Background: Errors in radiology reports may occur because of resident-to-attending discrepancies, speech recognition inaccuracies, and large workload. Large language models, such as GPT-4 (ChatGPT; OpenAI), may assist in generating reports.

Purpose: To assess effectiveness of GPT-4 in identifying common errors in radiology reports, focusing on performance, time, and cost-efficiency.

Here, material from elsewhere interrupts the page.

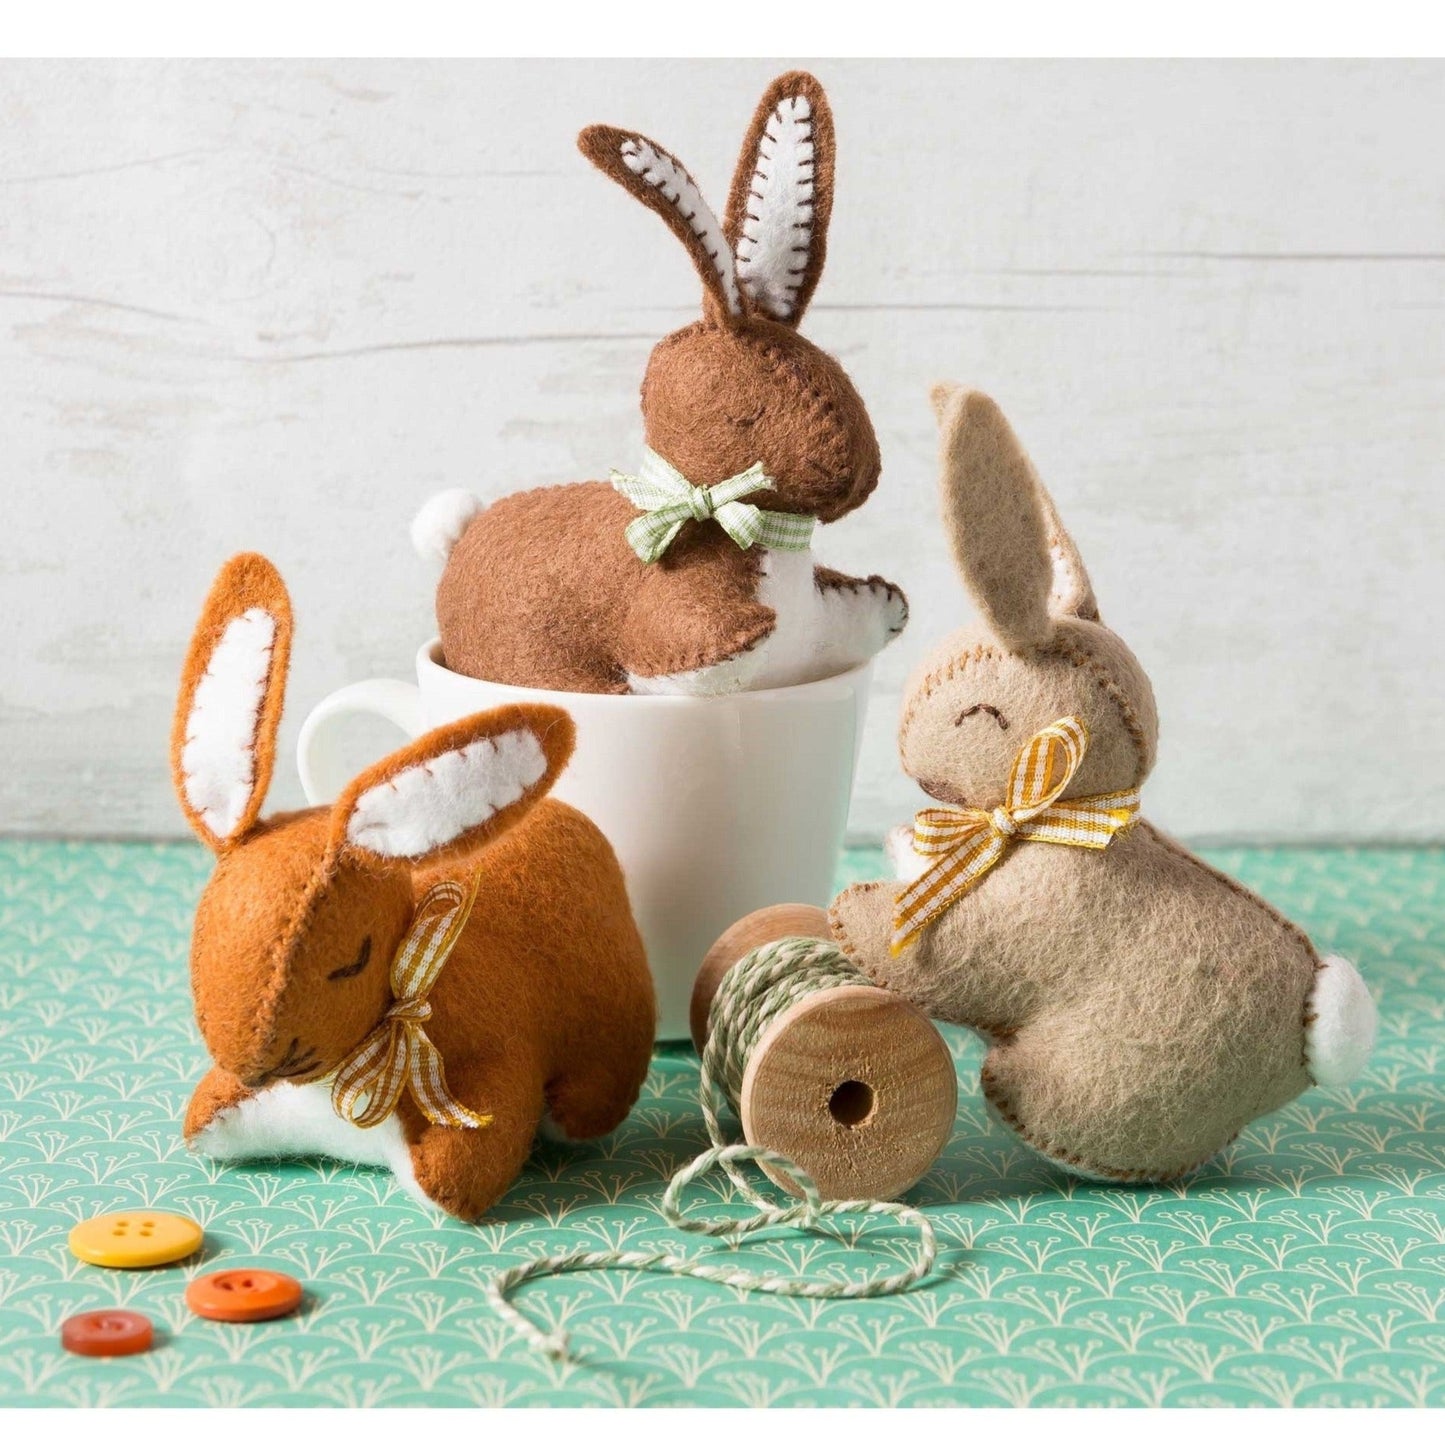 Felt Bunnies Sewing Craft Kit by Corinne Lapierre

Materials and Methods: In this retrospective study, 200 radiology reports (radiography and cross-sectional imaging [CT and MRI]) were compiled between June 2023 and December 2023 at one institution. There were 150 errors from five common error categories (omission, insertion, spelling, side confusion, and other) intentionally inserted into 100 of the reports and used as the reference standard. Six radiologists (two senior radiologists, two attending physicians, and two residents) and GPT-4 were tasked with detecting these errors. Overall error detection performance, error detection in the five error categories, and reading time were assessed using Wald χ2 tests and paired-sample t tests.

Results: GPT-4 (detection rate, 82.7%;124 of 150; 95% CI: 75.8, 87.9) matched the average detection performance of radiologists independent of their experience (senior radiologists, 89.3% [134 of 150; 95% CI: 83.4, 93.3]; attending physicians, 80.0% [120 of 150; 95% CI: 72.9, 85.6]; residents, 80.0% [120 of 150; 95% CI: 72.9, 85.6]; P value range, .522–.99). One senior radiologist outperformed GPT-4 (detection rate, 94.7%; 142 of 150; 95% CI: 89.8, 97.3; P = .006). GPT-4 required less processing time per radiology report than the fastest human reader in the study (mean reading time, 3.5 seconds ± 0.5 [SD] vs 25.1 seconds ± 20.1, respectively; P < .001; Cohen d = −1.08). The use of GPT-4 resulted in lower mean correction cost per report than the most cost-efficient radiologist ($0.03 ± 0.01 vs $0.42 ± 0.41; P < .001; Cohen d = −1.12).

Conclusion: The radiology report error detection rate of GPT-4 was comparable with that of radiologists, potentially reducing work hours and cost.